When it Rains, It Really Pours

No matter where you live, emergencies are bound to happen when you least expect them; the furnace breaks down, appliances stop working, the roof starts leaking or a window gets smashed. The costs for repairs can be tough to stomach, unless you have an emergency fund.

Setting up an emergency fund is easier than you thin. These tips from Bankrate.com will help you handle unexpected surprises with ease.

  • First, estimate how much money you might need for the fund. Experts suggest saving enough to cover four to seven months of expenses. Remember, this fund should not replace your entire income, and it should not be used to fund luxuries, like vacations, fancy new clothes or a new car (unless your existing one breaks down.)
  • Keep funds accessible, but not so readily available that you are tempted to borrow from it.

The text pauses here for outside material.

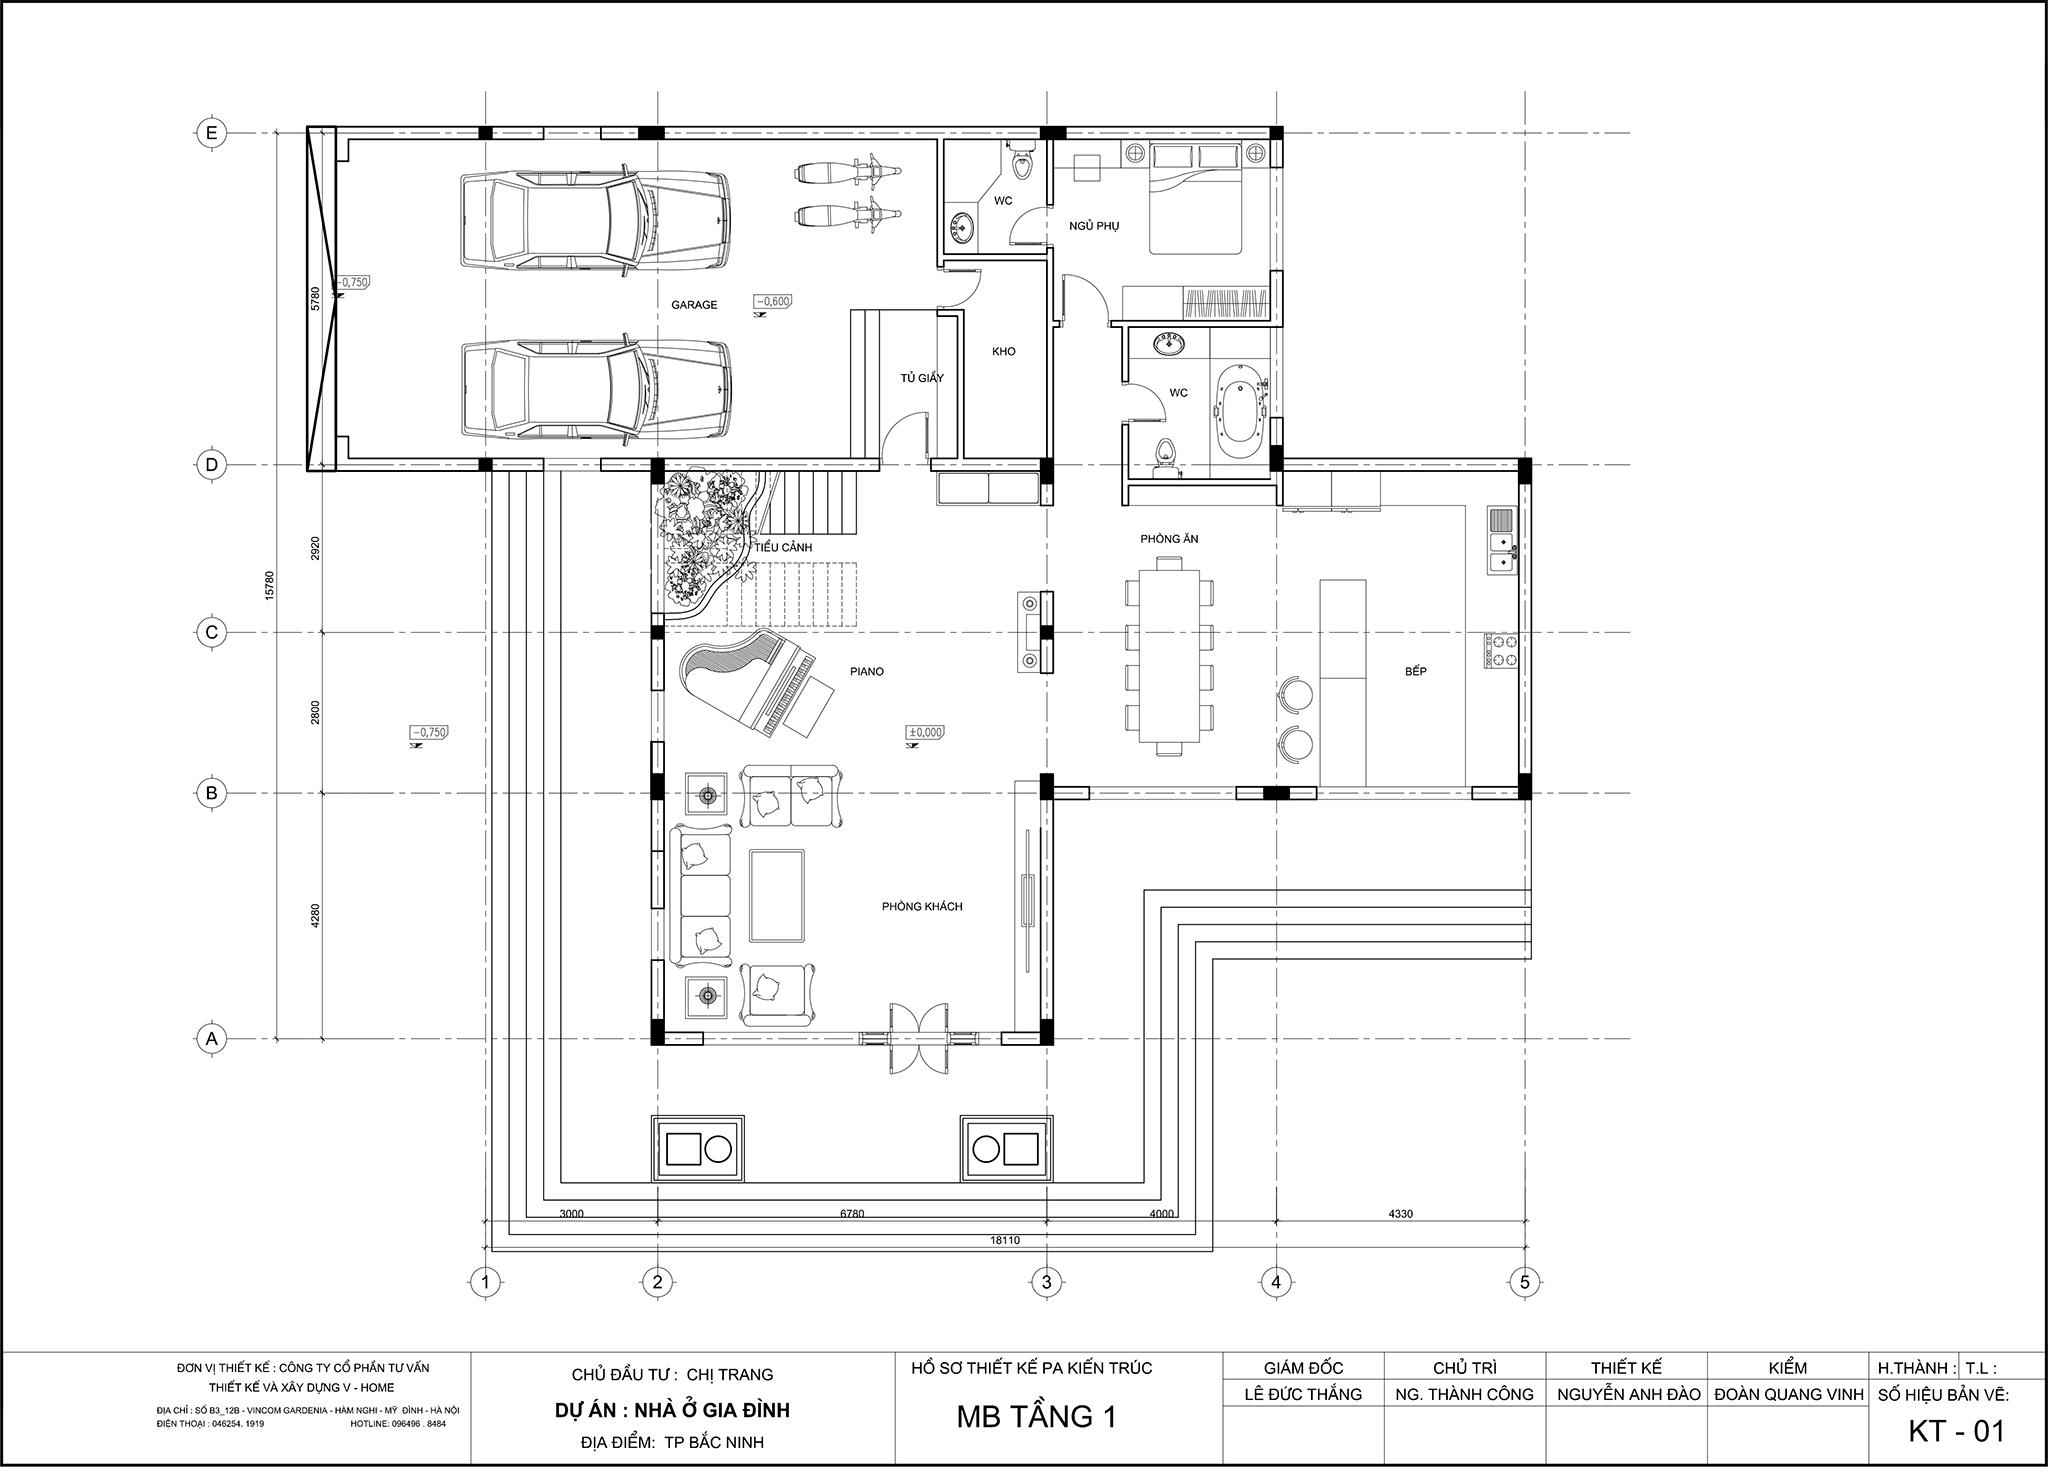 thiet-ke-biet-thu-tran-co-dien-3 Thiết kế Biệt thự tân cổ điển tại Bắc Ninh - C. Trang

Set up a separate account from your regular checking account. Consider using credit unions, which allow consumers to open accounts with smaller sums of cash, or online banks, so you can’t withdraw money from a storefront location.
  • Set up automatic deposits or transfers, so you know for sure that money will be saved each month and the fund will grow steadily, with little effort on your part.
  • Be sure to use the funds only for emergencies, such as replacing broken appliances, replacing the furnace or paying your regular monthly expenses after a job layoff or during a lengthy illness.
  • Begin slowly. Start with a deposit of $50 from each paycheck, then increase it gradually with each job change or pay increase. Set aside a portion of commission checks and tax refund, too.

With these simple steps, you’ll have greater peace of mind, knowing you are prepared for any emergency.